Development and Application of Electromagnetic Waves Propagation in a Turbulent Anisotropic Absorptive Media

Tech Area / Field

  • PHY-PLS/Plasma Physics/Physics
  • INF-COM/High Performance Computing and Networking/Information and Communications
  • INF-OTH/Other/Information and Communications
  • INF-SIG/Sensors and Signal Processing/Information and Communications
  • INS-MEA/Measuring Instruments/Instrumentation
  • PHY-RAW/Radiofrequency Waves/Physics

8 Project completed

Registration date

Completion date

Senior Project Manager
Safronova O N

Leading Institute
Georgian Technical University, Georgia, Tbilisi


  • University of Washington / Department of Electrical Engineering, USA, WA, Seattle

Project summary

The main goals of this project are: experimental investigation of statistical characteristics of scattered electromagnetic (EM) waves on the bases of creating new device–measuring complex of equipments, development of both analytical calculation and numerical simulation of statistical characteristics of scattered HF radiation by randomly inhomogeneous absorptive anisotropic layer in the low atmosphere; generalization of Kotelnikov–Shannon’s formula; creation of new mechanism of ULF planetary-scale EM waves generating in different ionospheric layers.

Calculation of statistical moments of the angular power spectrum (APS) of scattered microwaves at different location of link (source-receiver) with respect to the absorptive randomly inhomogeneous plane layer will be carried out. We expect to reveal new effects due to joint influence of absorption and anisotropy in the low atmosphere taking into account external magnetic field. New features of the “effect of compensation”, which has been revealed by us recently, and the evolution of the APS of HF EM waves scattered by plane layer of turbulent anisotropic collisional magnetoplasma will be investigated.

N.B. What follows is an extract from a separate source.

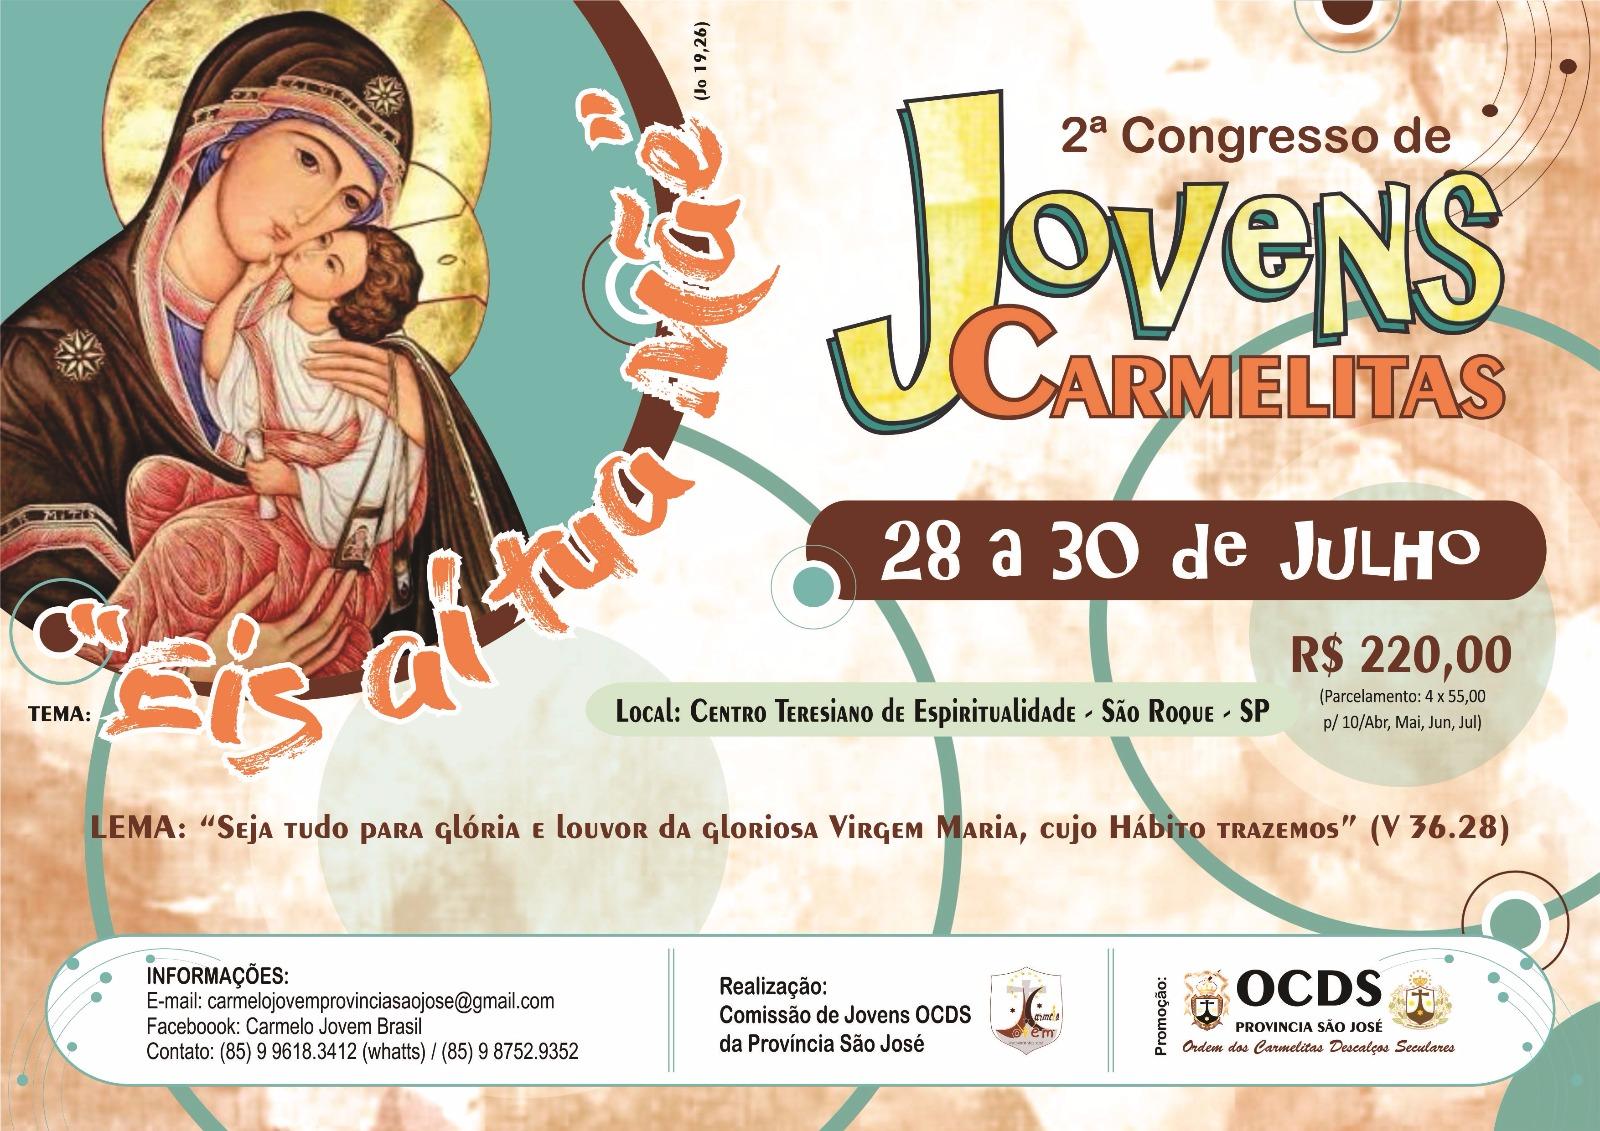 2º Congresso de Jovens Carmelitas

Construction of the new device–measuring complex of equipments working in the frequency band 10 GHz measuring synchronously fluctuations of amplitude, phase progression and angle–of–arrival of scattered microwaves and meteorological measurements. Both round–the–clock and seasonal investigation of these fluctuations on ground surface and above–water links from a few hundred meters up to few kilometers will be carried out.

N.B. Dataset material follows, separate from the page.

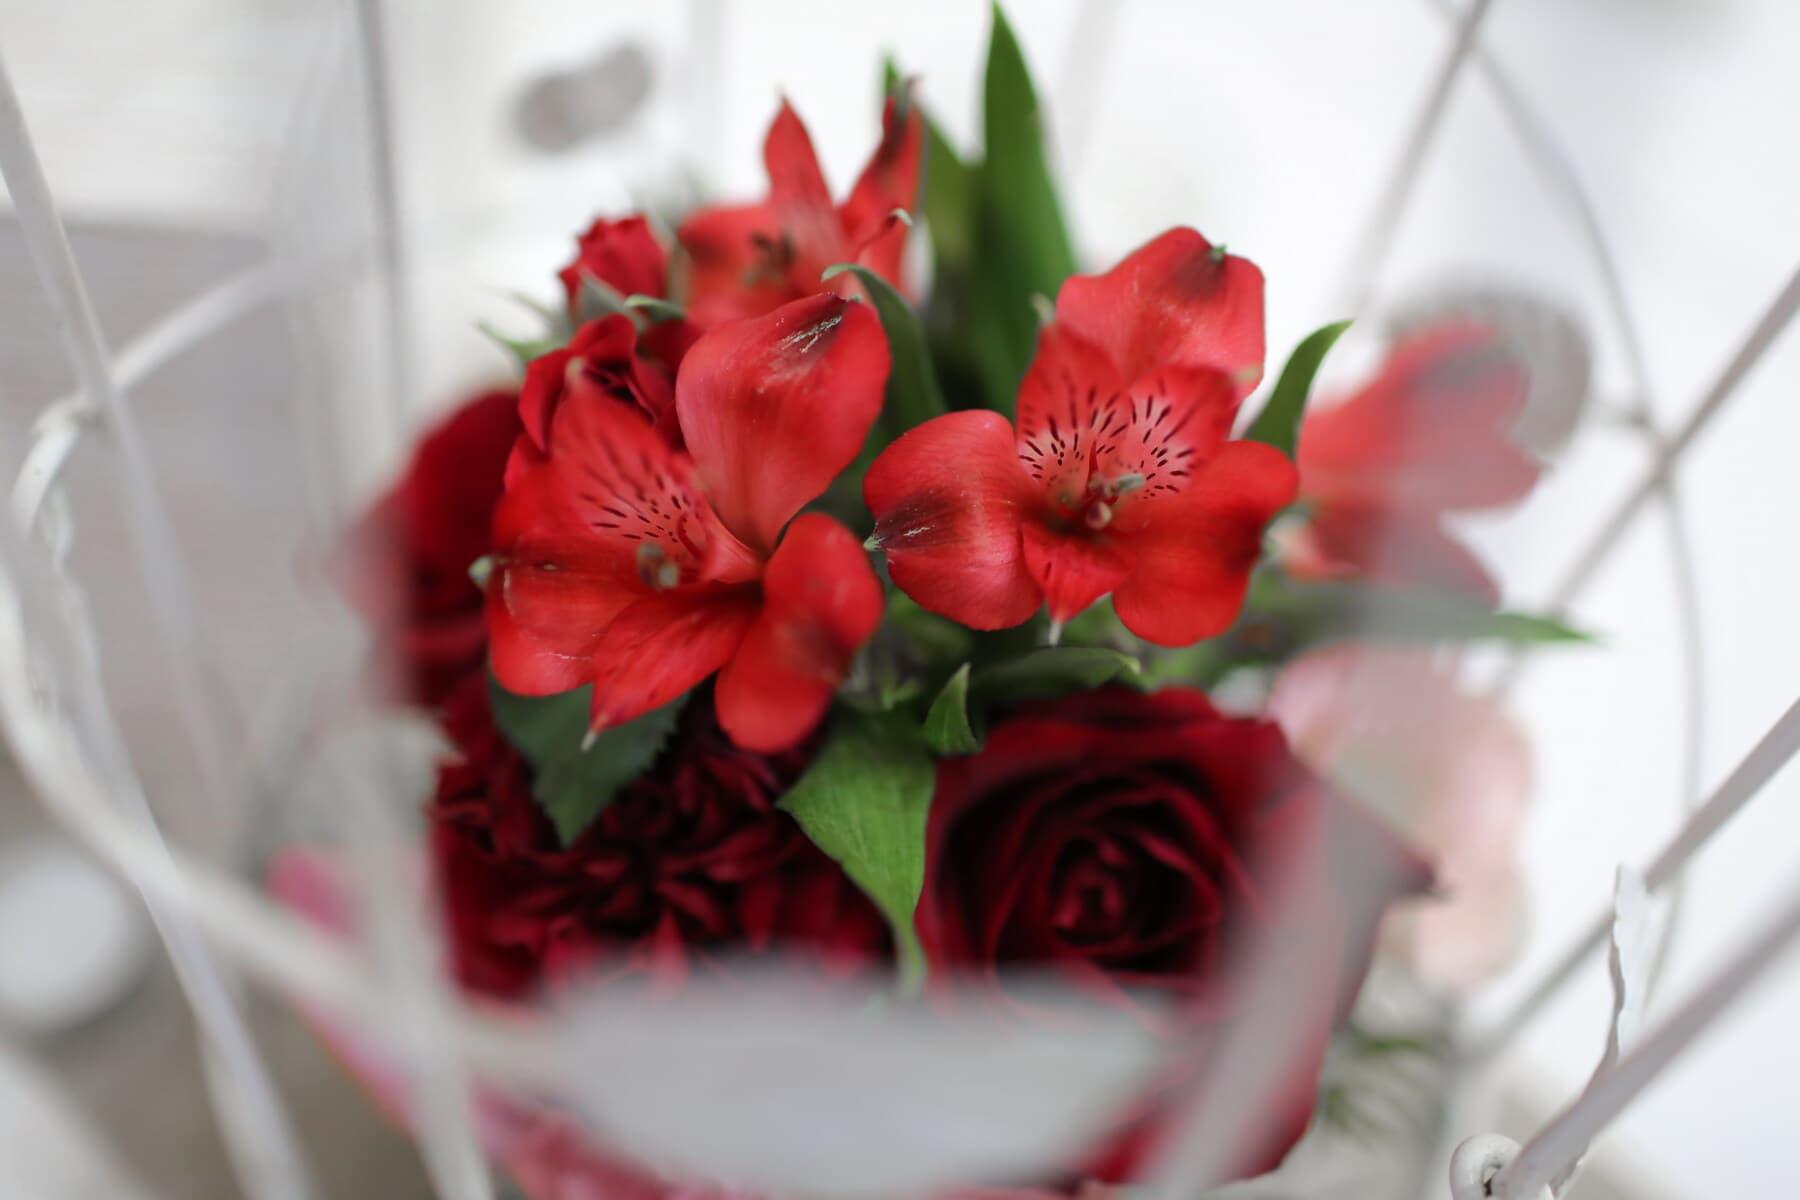 flowers, elegant, flowerpot, petals, red, arrangement, nature, flower, decoration, romance

Generalization of Kotelnikov–Shennon’s formula, allowing to achieving higher accuracy of reproduction of a signal and highly noise stability will be carried out. Restoration of stochastic signal (field) on the bases of sampling of a stochastic signal (filed) in discrete points will be considered.

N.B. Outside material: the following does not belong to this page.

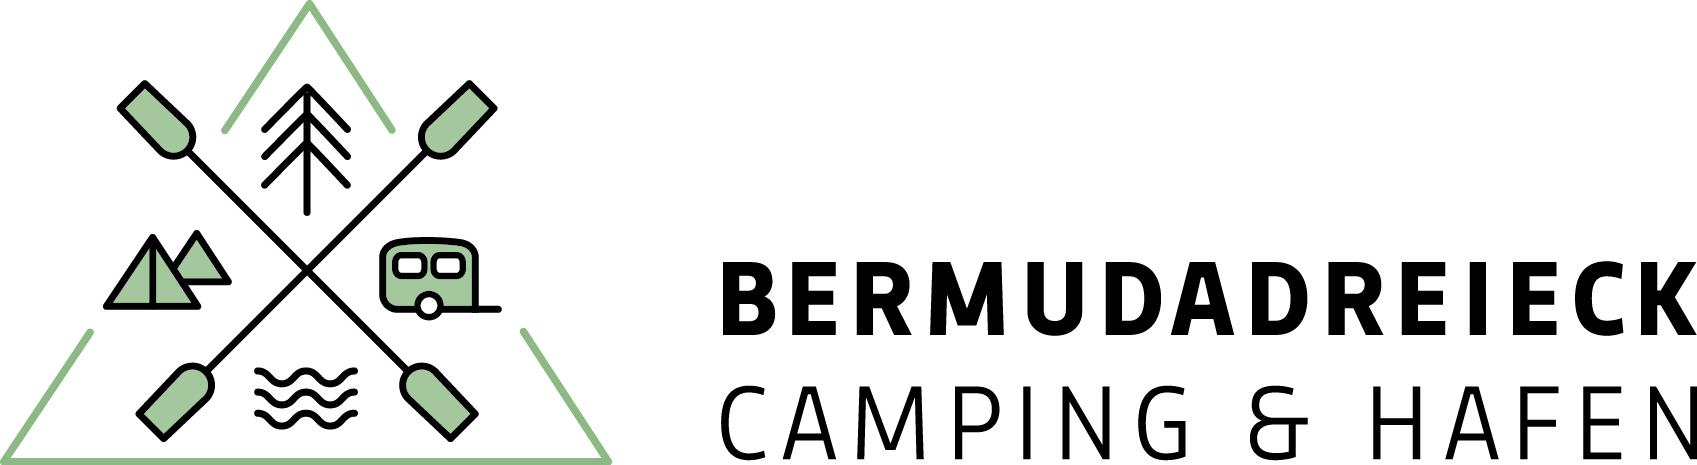 Campingplatz & Hafen Bermudadreieck in Mecklenburg-Vorpommern

Expected results. The new equipment will enable to estimate character of turbulence not by indirect measurement (of amplitude and angle–of–arrival) but on direct measurement of all statistical parameters: amplitude, phase progression and angle–of–arrivals of scattered microwaves. Experimental investigations guess synchronous measurements of both amplitude and phase progression of microwaves as well as meteorological parameters: temperature, humidity, atmospheric pressure, speed and direction of the wind.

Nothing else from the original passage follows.